MEALS AND CUSTOMS
The majority of rural Africans customarily eat one main meal a day and this is usually the evening meal. Upon arising, coffee, tea or milk or curds may form a small light meal while some people may be content to nibble on seeds. Throughout the day snacks of fruits, seeds, or nuts may be accompanied with beverages. In some areas a midday meal of fufu/ugali and relishes may be traditionally larger than the evening meal, which in this case would then be a cereal dish alone of gruel or fufu.
Infants are usually breast-fed on demand up to the age of two. Attempts to introduce bottle feedings have often met with sad results: sterilization of bottles and formula were poorly understood, formulas were diluted to last longer, and with the abandonment of breast-feeding, intercourse was resumed earlier than usual with a resultant increase in children who could be ill afforded. Bota is a thin gruel for babies, fed by pouring into the mother’s hand and gently easing into the infant’s mouth.
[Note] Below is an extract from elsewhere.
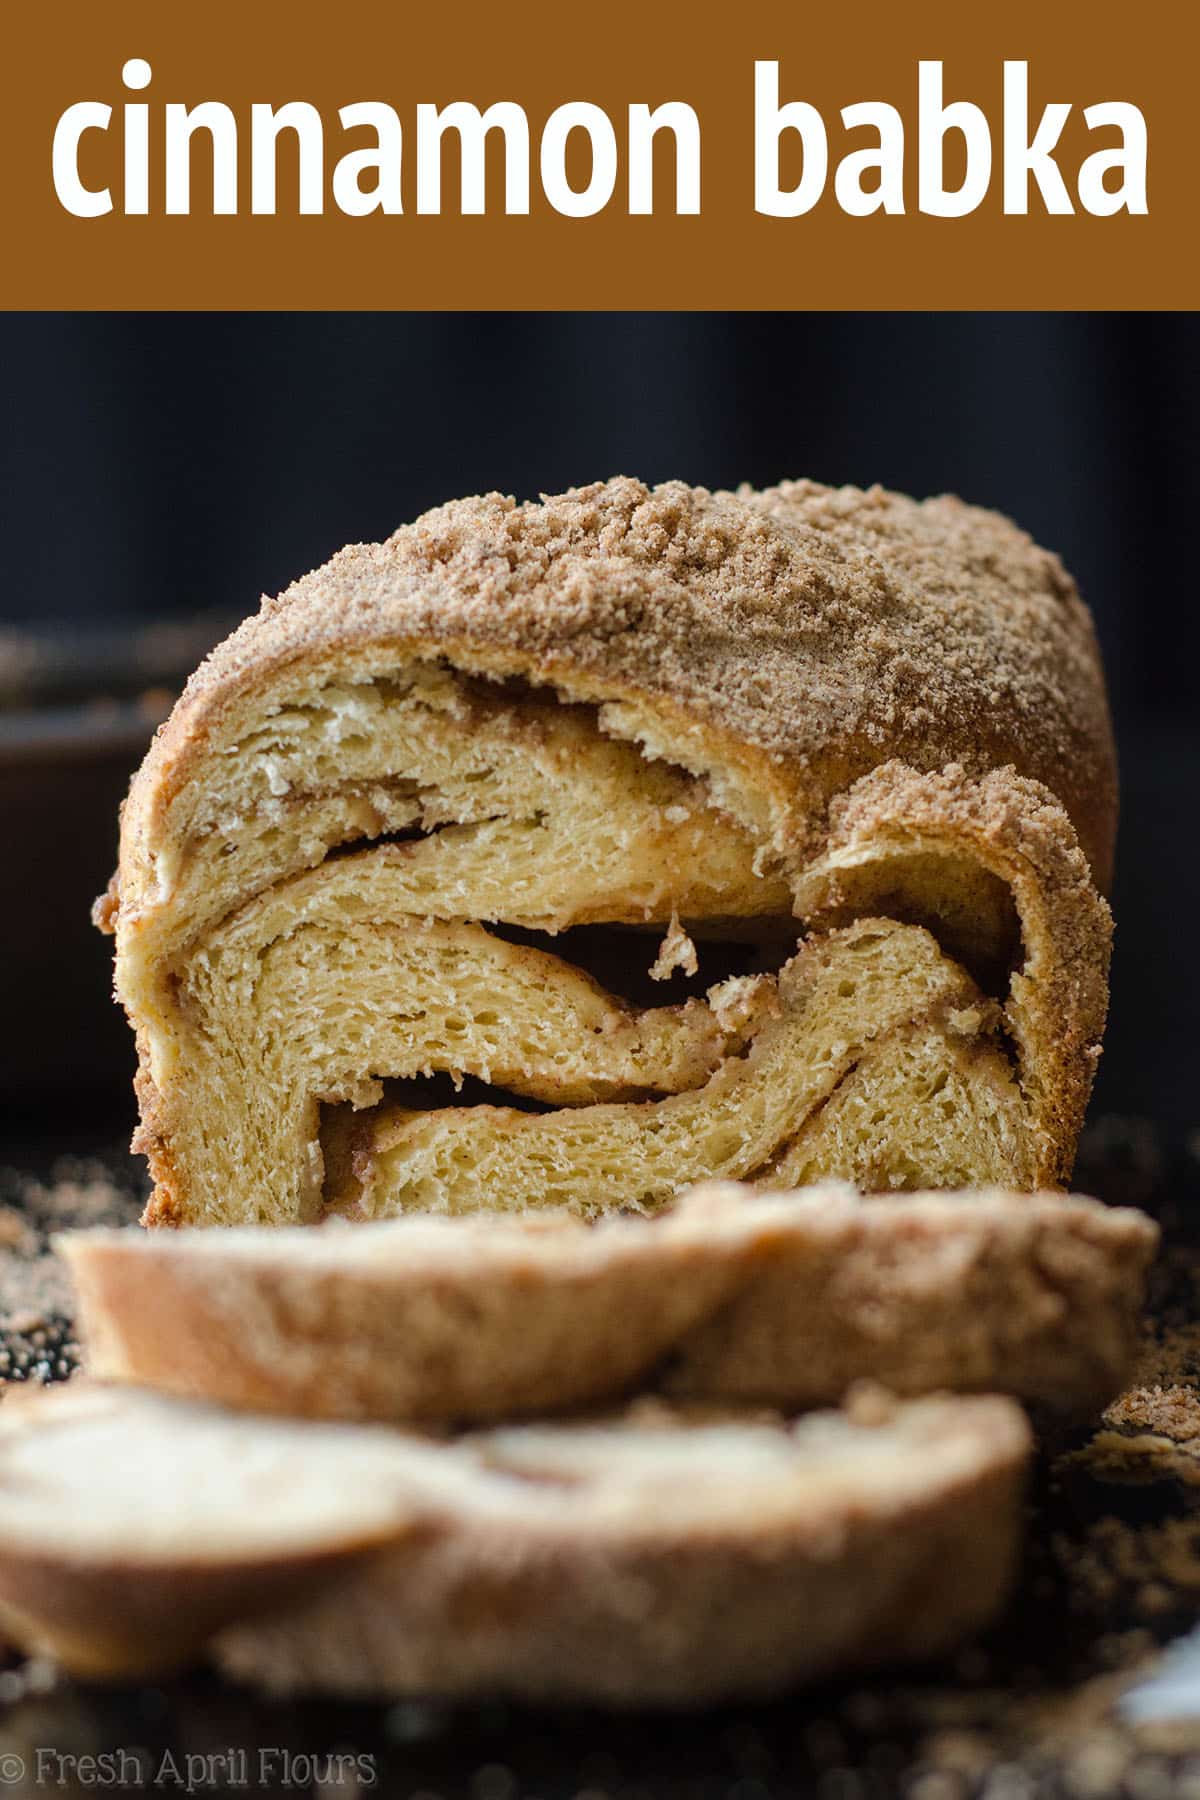 Cinnamon Babka: A simple twisted yeast bread with a cinnamon sugar filling and topped with cinnamon streusel. This loaf of bread tastes like a big cinnamon bun! via @frshaprilflours

Some foods and medicinal herbs if deemed necessary are pre-chewed by the mother then given to the infant.
Very young children are taught early that meat is a delicacy, but like other pleasures, they are also taught that they cannot always have everything they want: meat may be tasted and enjoyed, but it is generally not given until children are at least three or four years old.
In most parts of Africa, meals follow strictly specified rituals. At a very young age, children learn that handwashing and clapping of the hands must always precede a meal. Children must be silent while adults eat; further, they must never beg for food. Violations of these rules are punishable by beatings. Men pre-cede women at meals but no one eats alone. Dining is always a group pleasure and a time of calm and serene enjoyment. In some areas it is considered that women are somehow self-sufficient, and no one seems concerned if they are left only the crumbs.
Often if new foods are introduced by aid groups from other countries, the food must be appealing to the men, for if refused by them no one else will touch it.
Hospitality is considered of great importance and also follows a predictable ritual of handwashing, clapping, and the offering of food. Even if one is not hungry, to refuse would he an insult.
Totemism is greatly respected and it is considered proper to inquire of a guest what their totem is so that it may be separated from the rest of the food. For example, if the totem of a certain guest is liver, then liver will be removed from the rest of the meats to be served and given to the others so that the guest will not be offended. Other strongly held traditions concern local clan, family, and tribal taboos: for example the eating of certain fish, eggs or parts of animals or fowl may be taboo, and for the Muslims pork is forbidden.
While food growing and harvesting is done by the men, women are responsible for collecting fire-wood and water and for food preparation. So seriously are these daily tasks taken that young children perform play ceremonies enacting their parts as men and women of the household. This parent-supervised ceremony is called mahumbwe. Very young girls make serious play of helping their mothers and grandmothers at their tasks.
Finally, it is important to remember that the customs and traditions recorded here are a part of traditional and rural African life, but by no means practiced consistently. A large and continually growing population of Africa is the new middle class: freshly educated, ambitious, sophisticated, and eagerly creating their own culinary and social arts liberally laced with ideas from their rich past, yet at the same time new. Three meals a day, school lunch programs, scientific fishing methods, and modern farming techniques have already made many of the traditions seem archaic.